Evan Hershman's Amazon Review of "Our God Loves Justice" (#OGLJ)

I'm pretty sure that most of y'all have gotten the memo: my book on Helmut Gollwitzer is out and available for purchase!

W. Travis McMaken, Our God Loves Justice: An Introduction to Helmut Gollwitzer (Fortress, 2017).

A number of folks have been very generous in writing detailed (and highly positive!) reviews of the book on Amazon. You'd be surprised -- at least, I've always been -- at how much this can help sales, which ultimately means reaching people with Gollwitzer's legacy. And that's a good thing.

Anyway, the most recent example of this generous Amazon reviewing comes from Evan Hershman (@erhershman) and since Evan didn't have anywhere else to post his review, he agreed to let me post it for you here. If you want to read the review on Amazon, click here. Perhaps the part of Evan's review that cheers me the most is his last paragraph, where he suggests that the book might have something to say both to Christians who are awakening to more left-leaning politics and to leftists who might find that Christianity can be an ally in the struggle.

Many thanks once again to Evan for reading the book and writing this review! I hope the rest of you feel inspired by his example. :-)

Here is Evan's review and, because I just can't help myself, bold is mine:

W. Travis McMaken does a fine job in this book of introducing readers to the work of Helmut Gollwitzer, a theologian and student of Karl Barth who was a prominent public intellectual in postwar Germany. Despite this prominence, he is now a somewhat obscure theological figure, especially in North America. This book shows why this obscurity is undeserved, and suggests that Gollwitzer has much to say in our own time and place.

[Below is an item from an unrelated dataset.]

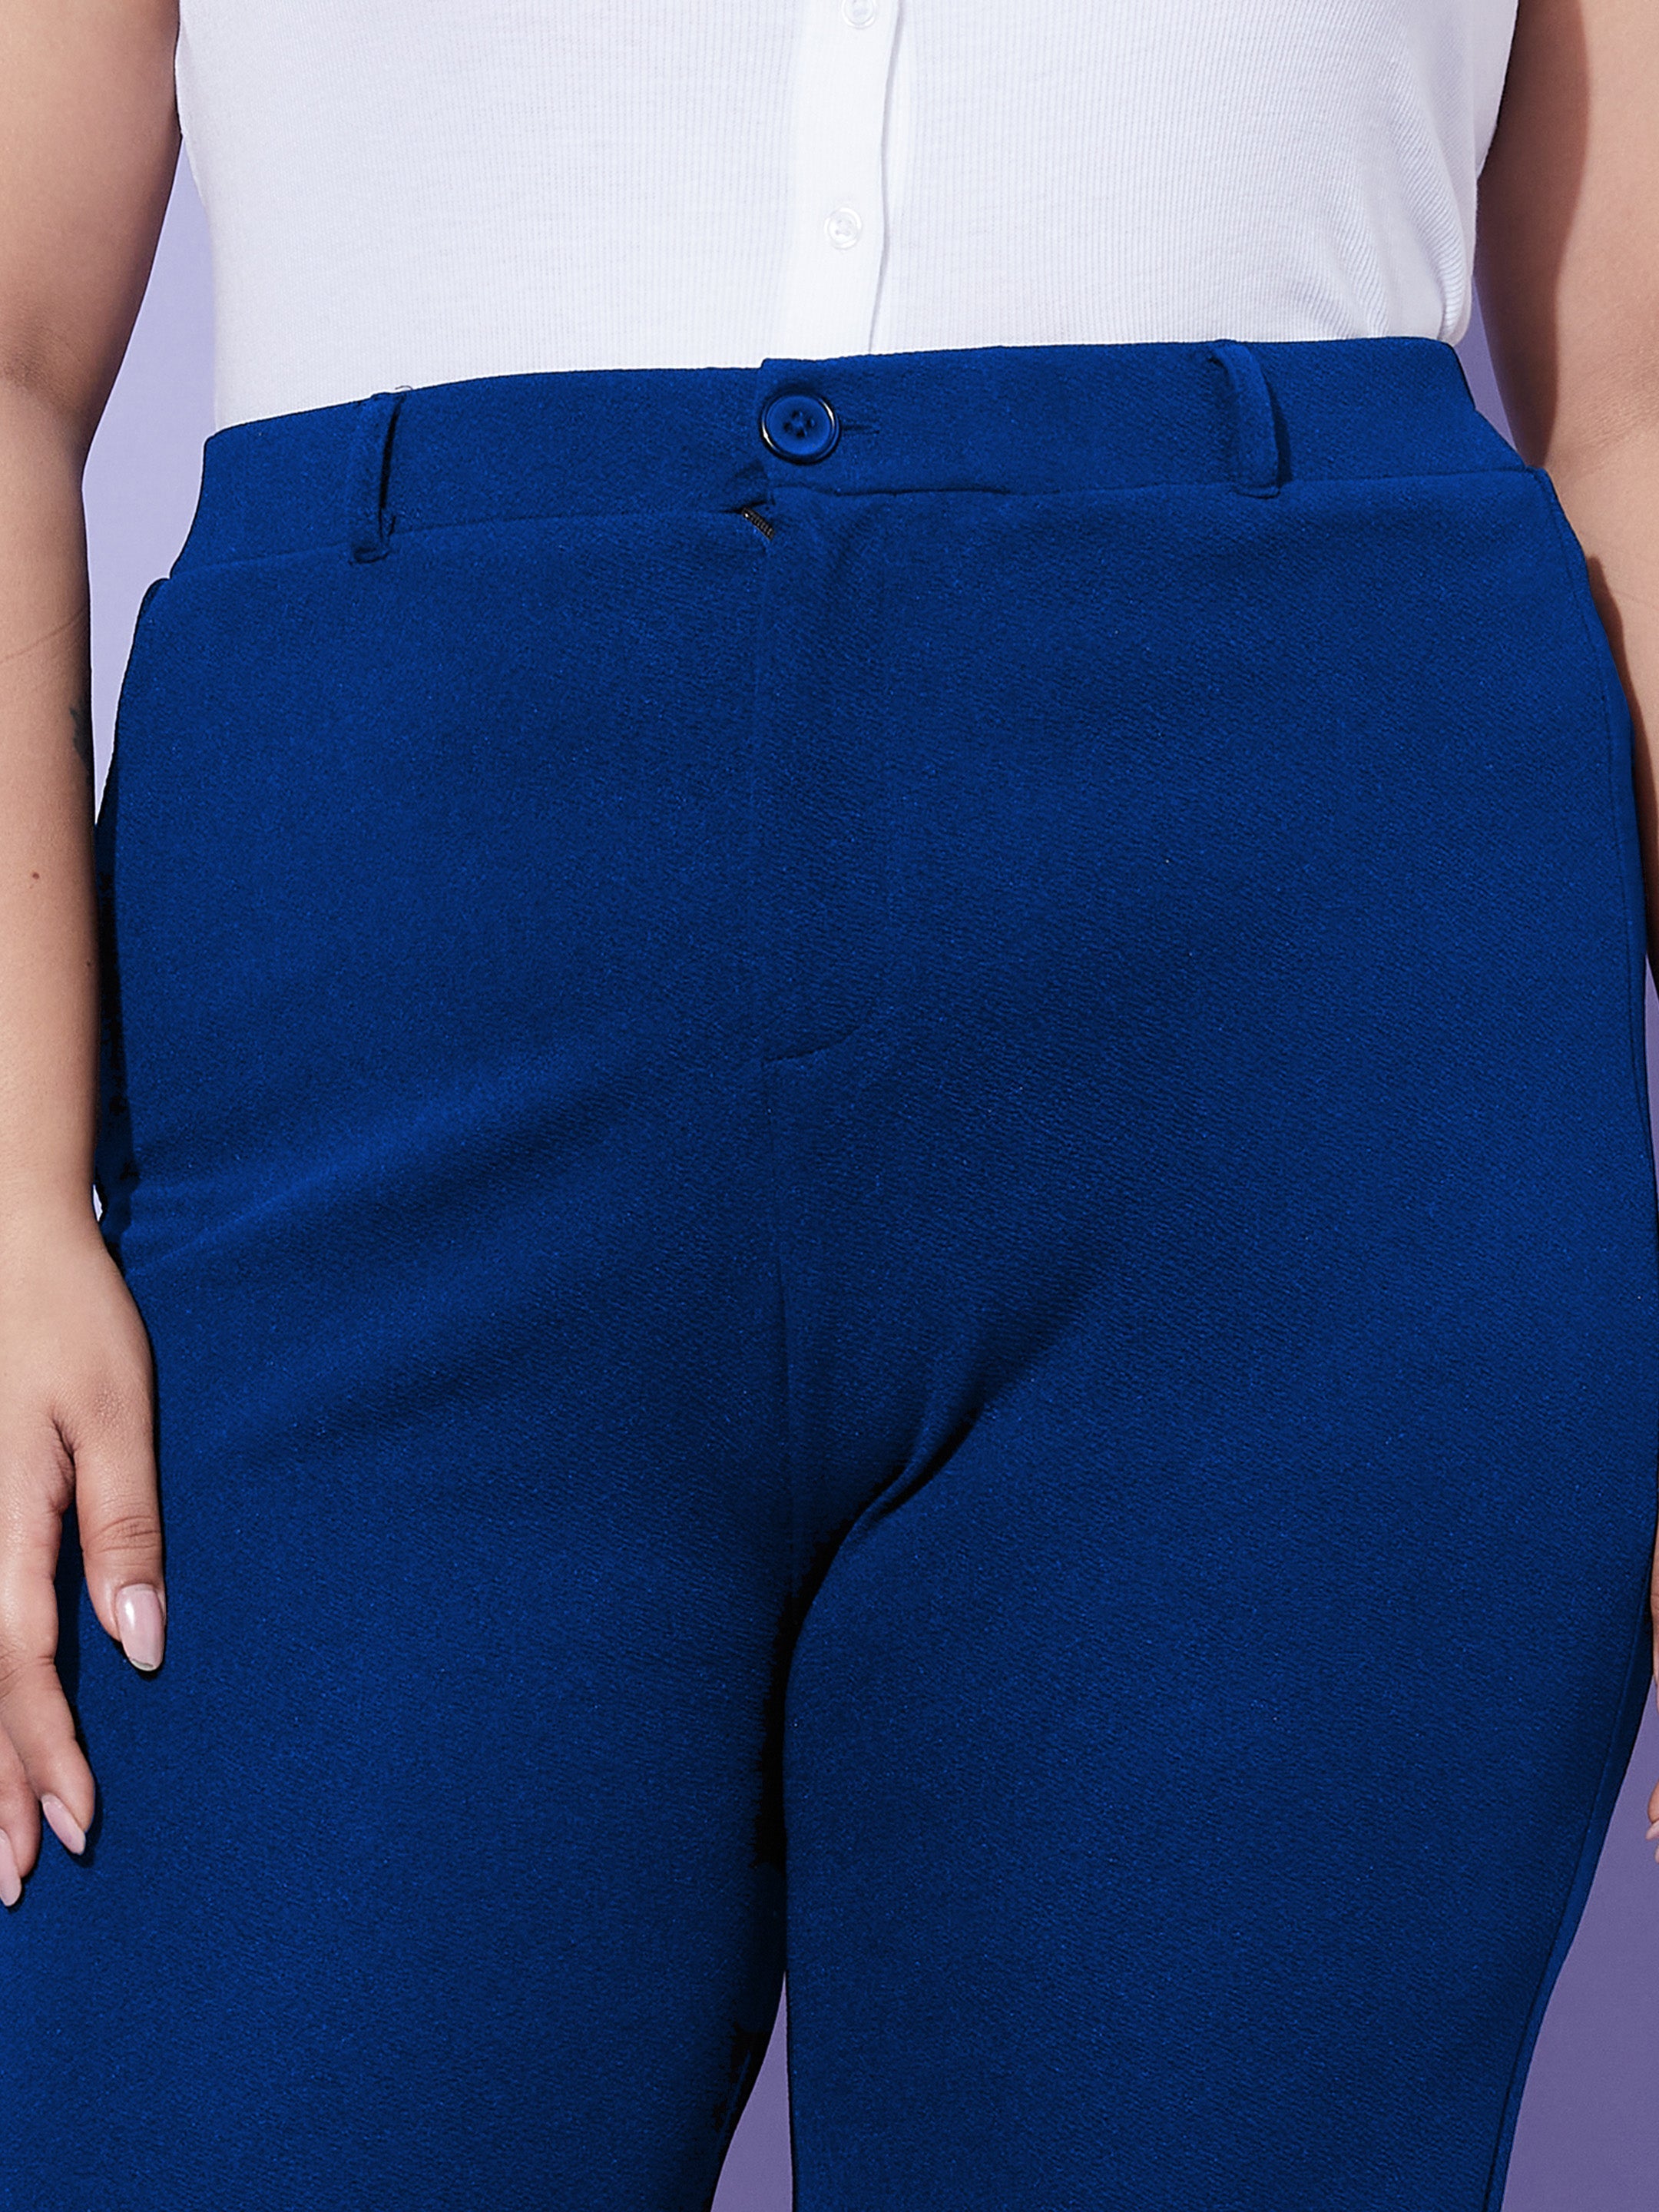 Women's Royal Blue Peplum Top With Kick Pleats Pants - SASSAFRAS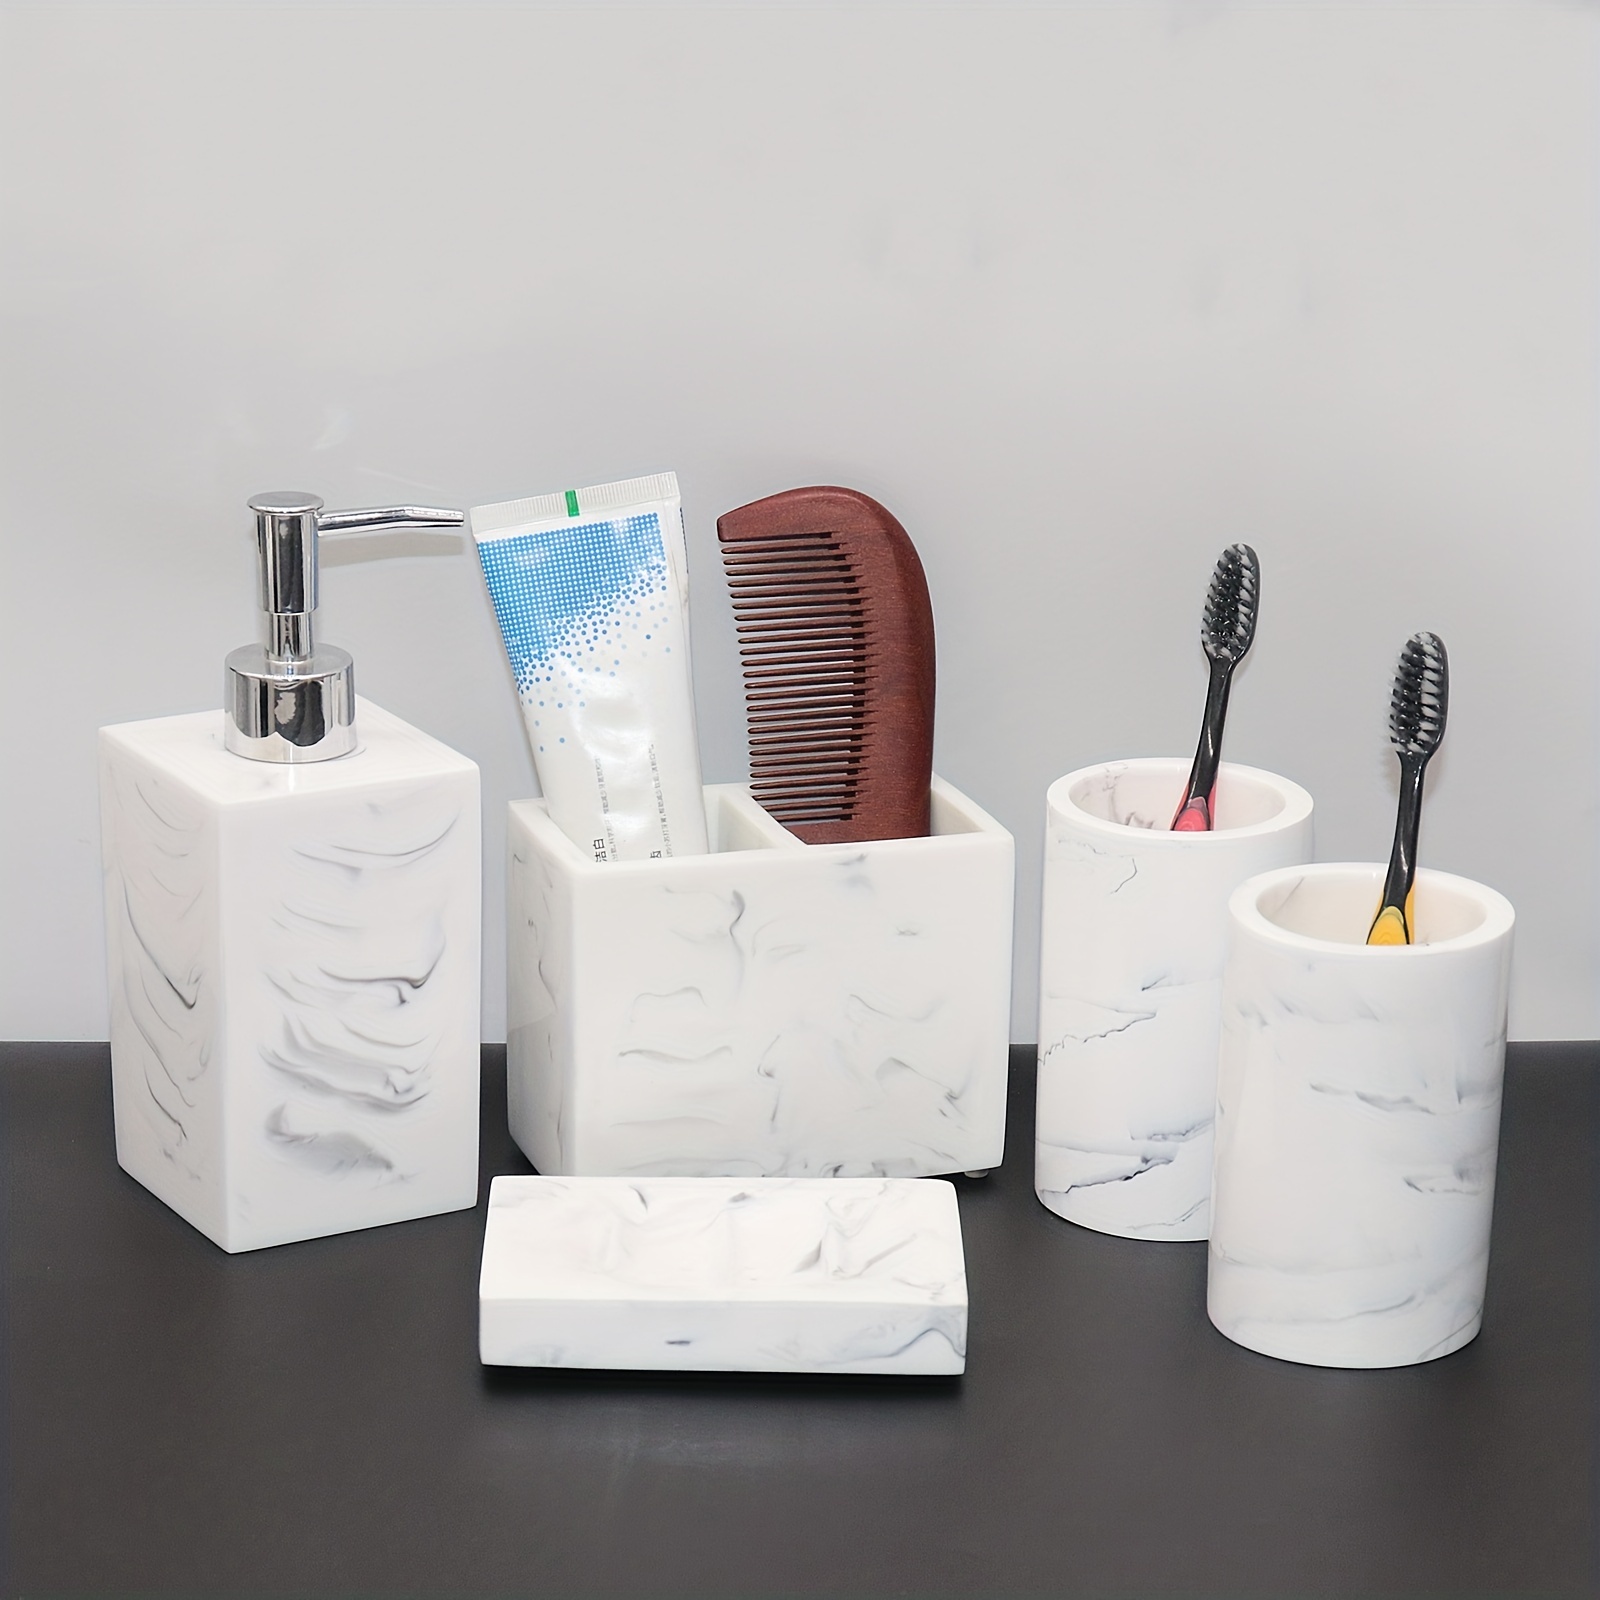 Marble Pattern Bathroom Toiletries Set, Mouthwash Cup, Soap Dish

Despite its subtitle, this book is not an "introduction" in the sense of a comprehensive overview of Gollwitzer's thought. Rather, it zeroes in on a subject on which Gollwitzer wrote a great deal: political theology. Specifically, Gollwitzer was a passionate advocate for socialism, and argued stridently that socialism was the logical outcome of the Christian gospel, and that Christians must involve themselves in politics.

The book is divided into five chapters. The first functions as an introduction, offering a brief description of Gollwitzer and outlining the rest of the book. It also situates the book's chief topic, Gollwitzer's advocacy for socialism, in the context of recent American history. McMaken presents recent historical work about how American Christianity became virtually synonymous with support for capitalism, and argues that since this is neither an inevitable nor 'natural' state of affairs, that Gollwitzer's thought has much to teach us at this moment in time, since more and more people are coming to question the inevitability and desirability of capitalism in this new 'Gilded Age' we are witnessing.

The second chapter is a brief overview of Gollwitzer's life. Like so many Christian theologians, from Augustine and Luther all the way to Gollwitzer's mentor Karl Barth, Gollwitzer's thought cannot be understood outside the context of his own life and the struggles and controversies he faced. The chapter thus is a necessary prelude to the rest of the book.

The third chapter introduces the primary foundational ideas of Gollwitzer's theology. Specifically, it explores how the ideas about God that Gollwitzer inherited from Barth and the dialectical theology movement shaped his convictions that all theology is both contextual and political. And since all theology is political, Christians must inevitably involve themselves in politics, in either propping up the status quo or challenging it. The chapter is particularly important because it shows how Gollwitzer's politics was not some sort of tack-on, or an alien set of ideas that crowded out "the gospel" (as is often charged against Christians with overtly leftist commitments). Rather, his ideas about the church and politics flow logically from his dialectical theology, most specifically the notion of God as unobjectifiable and "wholly other," to use Barth's famous phrase. It should be said that this chapter is probably also the most difficult in the book: while perfectly readable, those without some prior knowledge of dialectical theology (Barth and Bultmann especially) will need to take this one slowly. This is no fault of McMaken's: dialectical theology is difficult and cuts against the taken-for-granted "truths" of much other Christian theology before and since.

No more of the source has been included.